Yes, we did consider that, and one of the strong reasons why we did not shift to a six-weekly review is lack of adequate data. There is a lot of build-up to RBI’s policy review and much of the build-up is held for the process of informing the market participants. Too much of it can be disruptive also. We don’t want to repeat that every six weeks. I know Bank of England does this more often and it could be a non-event. When we graduate or mature to a situation when RBI’s monetary policy issue can be a non-event, I think we can do reviews more frequently.
You have freed all administered loan rates but the savings rate is still regulated. Isn’t it high time that you took a look at it?
I think you are right and we should revisit... The issue had come up in the crisis time when we were lowering policy rates and the savings bank rate had acted as a floor. And now that we are freeing up (loan rates), there is a need to look at this. We do not have enough feel for its implications and ramifications. We have promoted financial inclusion and freeing up the interest rates on savings rate has big implications for financial inclusion. I have requested economists and I am requesting journalists to debate this issue and we will certainly benefit from that.
Is there any kind of time frame for freeing savings rate?
I am not looking at a time frame. But I would certainly be open to considering this issue.
So it’s not an academic exercise?
No, most certainly not.
You seem to be using the rupee appreciation as a tool to fight inflation. You are allowing the local currency to appreciate so that the cost of import goes down.
No, that’s not right. It is not the Reserve Bank’s policy. We don’t use exchange rate as an anti-inflationary management tool. We had a meeting of economists and opinions were divided across some of India’s most noted economists whether there is a pass through of exchange rate to inflation. The RBI has not done any specific study on this. A 2004-05 study said if the exchange rate depreciates by 10%, it will have an impact on inflation of up to 0.4%. It is not clear if those inferences are valued today. Our exchange rate is determined by a host of macroeconomic considerations and not as a means for managing inflation.
Apart from inflation, you are also worried about capital flows.

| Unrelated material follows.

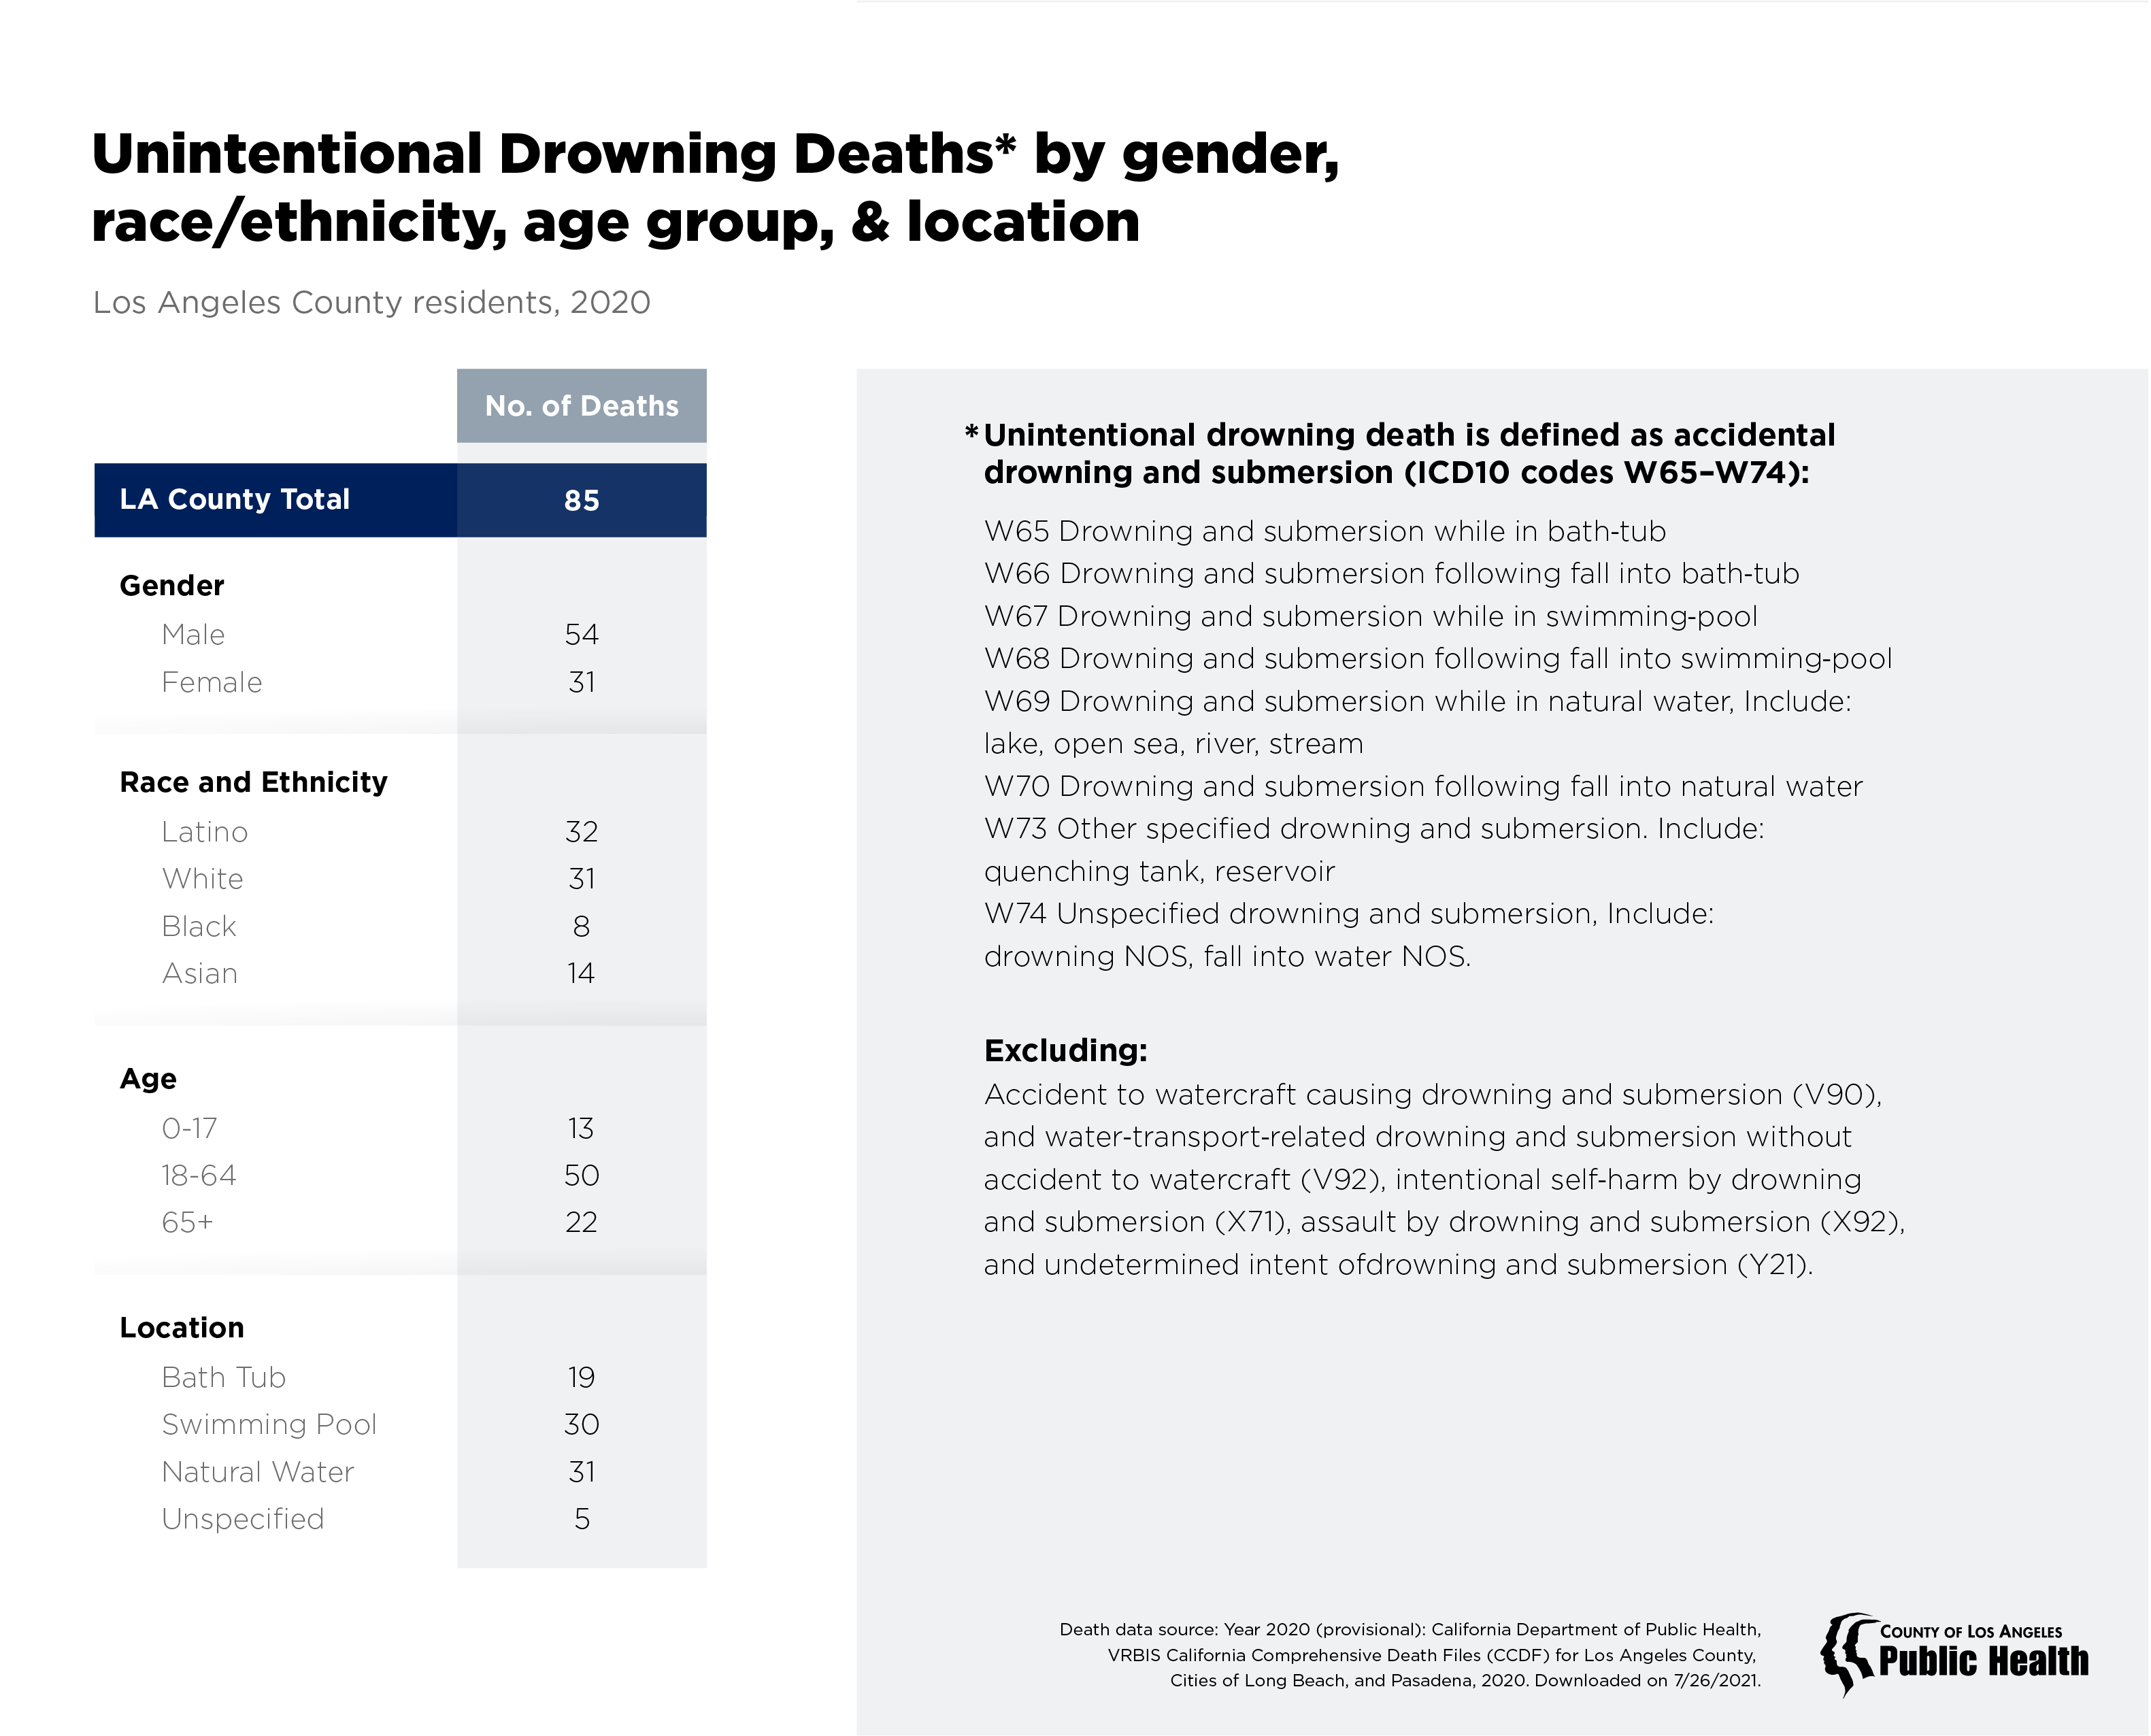 Data sheet on the numbers of unintentional drowning deaths in Los Angeles County

I wouldn’t say I am worried but the Reserve Bank as an institution is watching (capital flows) at the moment. The balance of payment numbers for the last quarter of 2009-10 are not available in the public domain and we have some numbers and we will come up with the precise numbers by the end of June. Last year, the flows were roughly commensurate with our current account deficit, slightly in excess, and I think we can absorb it. Something between the range of $10-15 billion is within our capacity.
There is lot of speculation on how the flows will turn out. It depends on the global situation, interest rates, liquidity. It depends on the promise of growth in India, promise of return and the interest rate differential.
When will you allow the next set of private banks to come up?
I am unable and unwilling to put a time frame on this. It will take several months because there are some significant issues that we have to consider. We gave the last licence in 2004 when Dr (Bimal) Jalan was the governor. Since then, India has changed a lot, the world has changed a lot, and the world view on banks have changed a lot. We will have to take account of all that.
What’s your take on the proposed supervisory body—the Financial Stability and Development Council? Do you see this as some sort of infringement on RBI’s domain?
The proposed council will do macro prudential supervision and monitor financial conglomerates. It would look after financial sector development, including financial literacy. I have gone through the finance minister’s speech at our platinum jubilee celebrations and he said very clearly there that the council is not to replicate anything that the existing structure is doing today.
I don’t see it as an infringement as the finance minister had said that it will operate in such a way that we it will not compromise our independence.
Anup Roy contributed to this interview.